[WORK TASK] Both the line below containing "Château de Tiffauges, a" and the line containing "Revolver - Tattoo", along with every line between them, should be repeated exactly; no other line belongs in the answer.
BEGIN AVAILABLE DATA
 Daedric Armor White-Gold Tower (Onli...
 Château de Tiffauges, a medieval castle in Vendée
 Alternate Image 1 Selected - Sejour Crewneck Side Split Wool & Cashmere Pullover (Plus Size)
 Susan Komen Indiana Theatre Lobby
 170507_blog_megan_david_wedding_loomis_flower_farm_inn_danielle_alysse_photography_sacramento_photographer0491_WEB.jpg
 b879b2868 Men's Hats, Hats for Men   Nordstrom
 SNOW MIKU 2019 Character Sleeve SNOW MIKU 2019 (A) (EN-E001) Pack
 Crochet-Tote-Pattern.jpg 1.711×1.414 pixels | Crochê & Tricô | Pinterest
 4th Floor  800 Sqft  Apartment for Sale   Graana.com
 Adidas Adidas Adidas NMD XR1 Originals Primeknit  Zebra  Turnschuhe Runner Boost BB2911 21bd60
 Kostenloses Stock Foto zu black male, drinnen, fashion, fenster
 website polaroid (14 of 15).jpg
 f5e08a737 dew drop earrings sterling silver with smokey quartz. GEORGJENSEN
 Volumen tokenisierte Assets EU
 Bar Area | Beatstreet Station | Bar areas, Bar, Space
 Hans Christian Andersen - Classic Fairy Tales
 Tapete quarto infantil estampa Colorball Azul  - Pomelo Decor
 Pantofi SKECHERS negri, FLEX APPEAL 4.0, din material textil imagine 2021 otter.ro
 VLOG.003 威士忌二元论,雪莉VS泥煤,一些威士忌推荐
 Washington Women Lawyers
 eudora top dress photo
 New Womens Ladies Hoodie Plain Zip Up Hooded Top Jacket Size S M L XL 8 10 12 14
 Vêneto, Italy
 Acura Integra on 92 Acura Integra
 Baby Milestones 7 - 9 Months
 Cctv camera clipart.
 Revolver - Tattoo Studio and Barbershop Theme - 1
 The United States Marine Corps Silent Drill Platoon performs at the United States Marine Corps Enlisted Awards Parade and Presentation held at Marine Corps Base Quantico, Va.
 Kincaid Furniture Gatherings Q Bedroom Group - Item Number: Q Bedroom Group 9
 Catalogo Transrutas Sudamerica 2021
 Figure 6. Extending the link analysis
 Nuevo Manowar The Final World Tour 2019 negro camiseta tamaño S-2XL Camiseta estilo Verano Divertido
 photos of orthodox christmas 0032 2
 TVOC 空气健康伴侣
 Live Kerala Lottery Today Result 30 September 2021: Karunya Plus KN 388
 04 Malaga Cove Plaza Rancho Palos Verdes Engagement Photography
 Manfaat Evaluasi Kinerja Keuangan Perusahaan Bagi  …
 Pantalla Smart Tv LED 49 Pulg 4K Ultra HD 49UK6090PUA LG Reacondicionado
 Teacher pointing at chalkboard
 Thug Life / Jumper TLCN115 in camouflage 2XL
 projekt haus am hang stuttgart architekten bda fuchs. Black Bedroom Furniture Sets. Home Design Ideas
END AVAILABLE DATA
[THE COMPLETED TASK]
 Château de Tiffauges, a medieval castle in Vendée
 Alternate Image 1 Selected - Sejour Crewneck Side Split Wool & Cashmere Pullover (Plus Size)
 Susan Komen Indiana Theatre Lobby
 170507_blog_megan_david_wedding_loomis_flower_farm_inn_danielle_alysse_photography_sacramento_photographer0491_WEB.jpg
 b879b2868 Men's Hats, Hats for Men   Nordstrom
 SNOW MIKU 2019 Character Sleeve SNOW MIKU 2019 (A) (EN-E001) Pack
 Crochet-Tote-Pattern.jpg 1.711×1.414 pixels | Crochê & Tricô | Pinterest
 4th Floor  800 Sqft  Apartment for Sale   Graana.com
 Adidas Adidas Adidas NMD XR1 Originals Primeknit  Zebra  Turnschuhe Runner Boost BB2911 21bd60
 Kostenloses Stock Foto zu black male, drinnen, fashion, fenster
 website polaroid (14 of 15).jpg
 f5e08a737 dew drop earrings sterling silver with smokey quartz. GEORGJENSEN
 Volumen tokenisierte Assets EU
 Bar Area | Beatstreet Station | Bar areas, Bar, Space
 Hans Christian Andersen - Classic Fairy Tales
 Tapete quarto infantil estampa Colorball Azul  - Pomelo Decor
 Pantofi SKECHERS negri, FLEX APPEAL 4.0, din material textil imagine 2021 otter.ro
 VLOG.003 威士忌二元论,雪莉VS泥煤,一些威士忌推荐
 Washington Women Lawyers
 eudora top dress photo
 New Womens Ladies Hoodie Plain Zip Up Hooded Top Jacket Size S M L XL 8 10 12 14
 Vêneto, Italy
 Acura Integra on 92 Acura Integra
 Baby Milestones 7 - 9 Months
 Cctv camera clipart.
 Revolver - Tattoo Studio and Barbershop Theme - 1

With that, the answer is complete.